## WHAT THIS TASK INVOLVES:
What you return should match the material below line for line, except that no image appears in it.

## PROVIDED DATA:

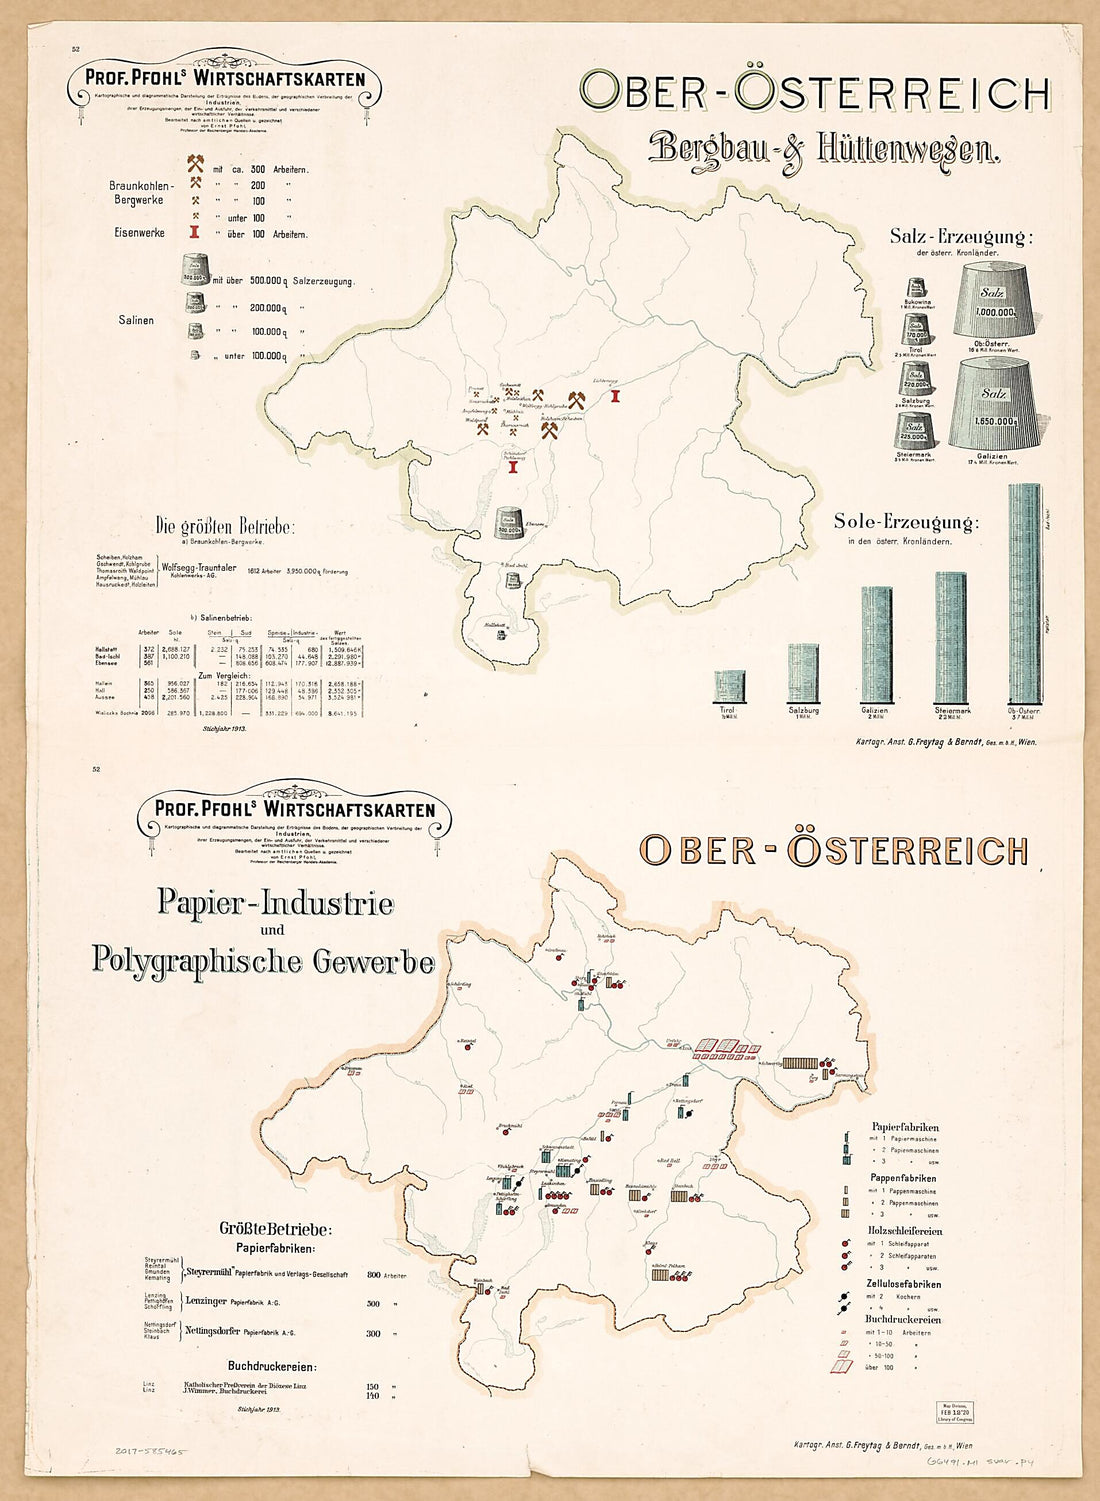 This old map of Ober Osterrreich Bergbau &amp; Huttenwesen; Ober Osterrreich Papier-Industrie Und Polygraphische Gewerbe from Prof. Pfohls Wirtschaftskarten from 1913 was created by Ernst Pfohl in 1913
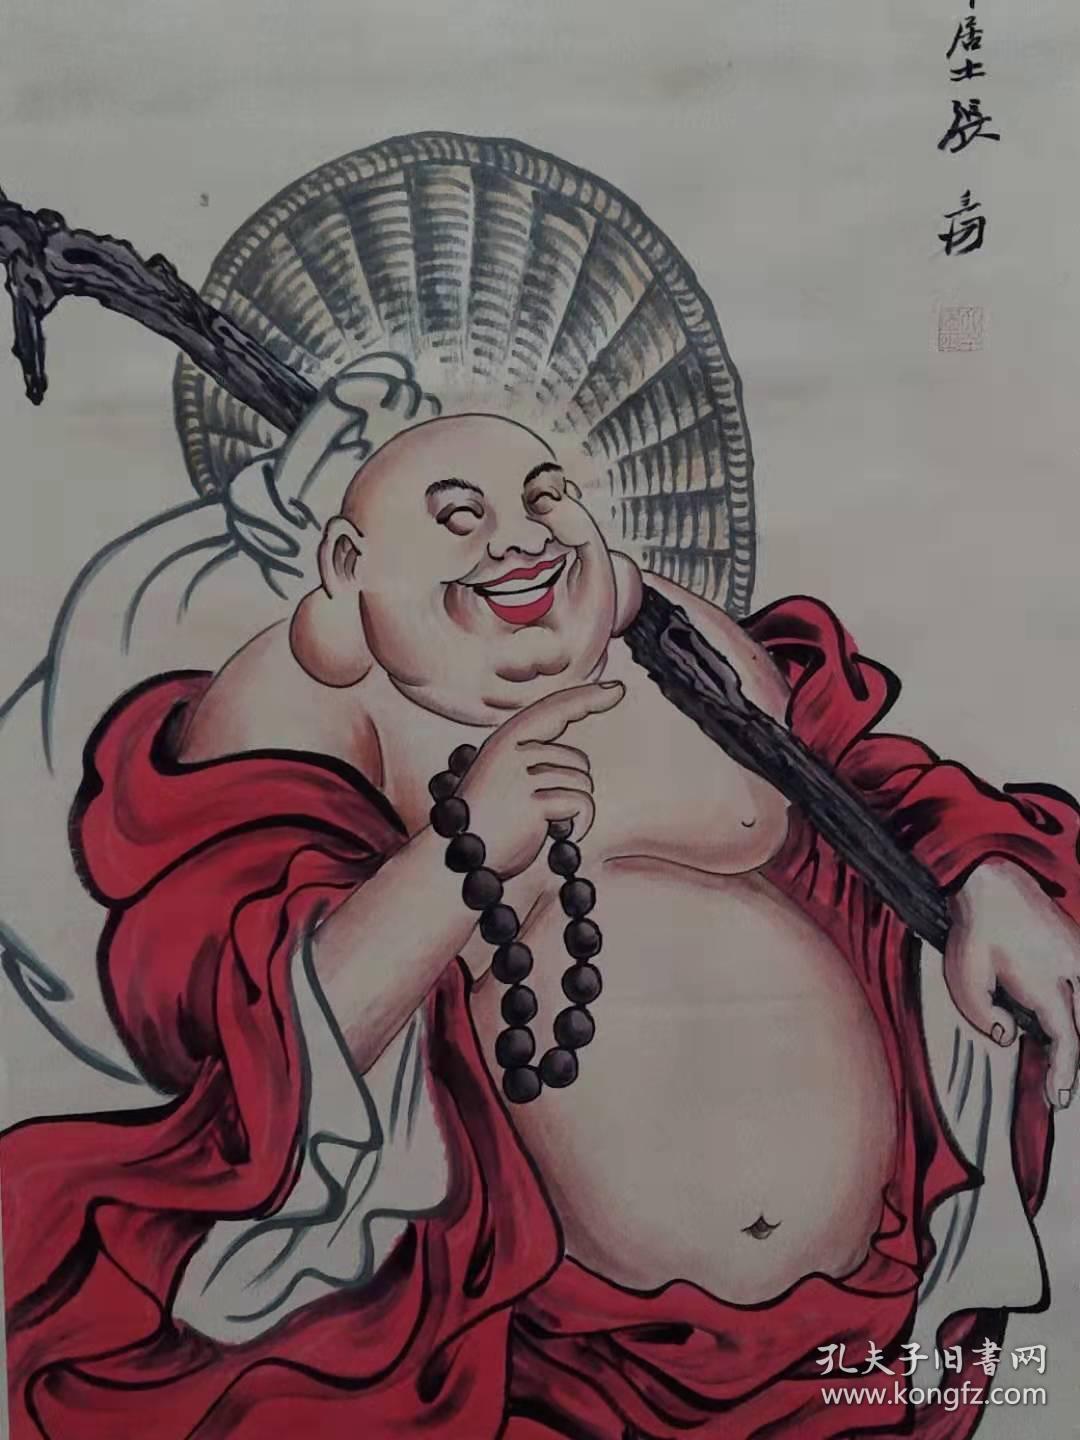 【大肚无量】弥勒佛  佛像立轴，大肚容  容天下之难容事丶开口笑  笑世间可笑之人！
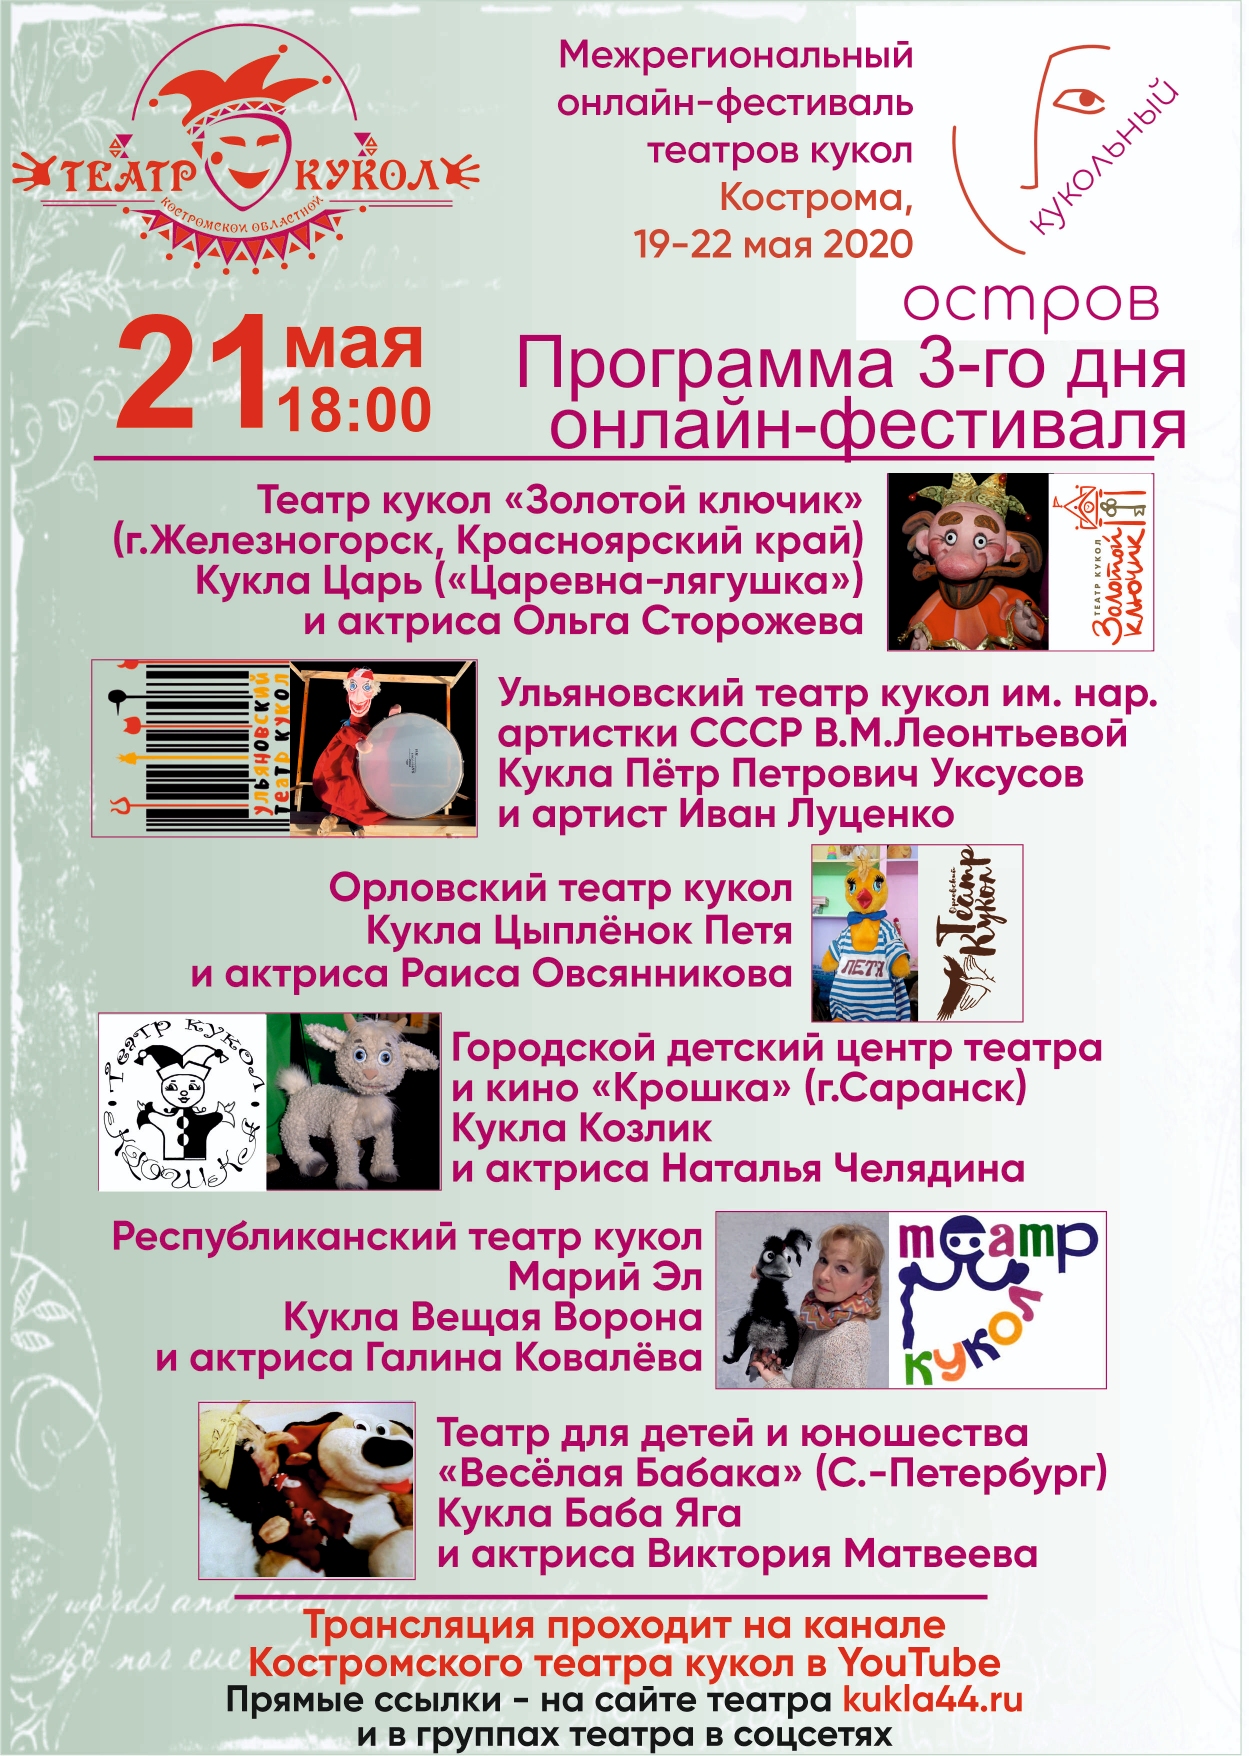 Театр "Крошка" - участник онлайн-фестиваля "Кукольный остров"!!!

## ANSWER BOX:
 This old map of Ober Osterrreich Bergbau &amp; Huttenwesen; Ober Osterrreich Papier-Industrie Und Polygraphische Gewerbe from Prof. Pfohls Wirtschaftskarten from 1913 was created by Ernst Pfohl in 1913
 【大肚无量】弥勒佛  佛像立轴，大肚容  容天下之难容事丶开口笑  笑世间可笑之人！
 Театр "Крошка" - участник онлайн-фестиваля "Кукольный остров"!!!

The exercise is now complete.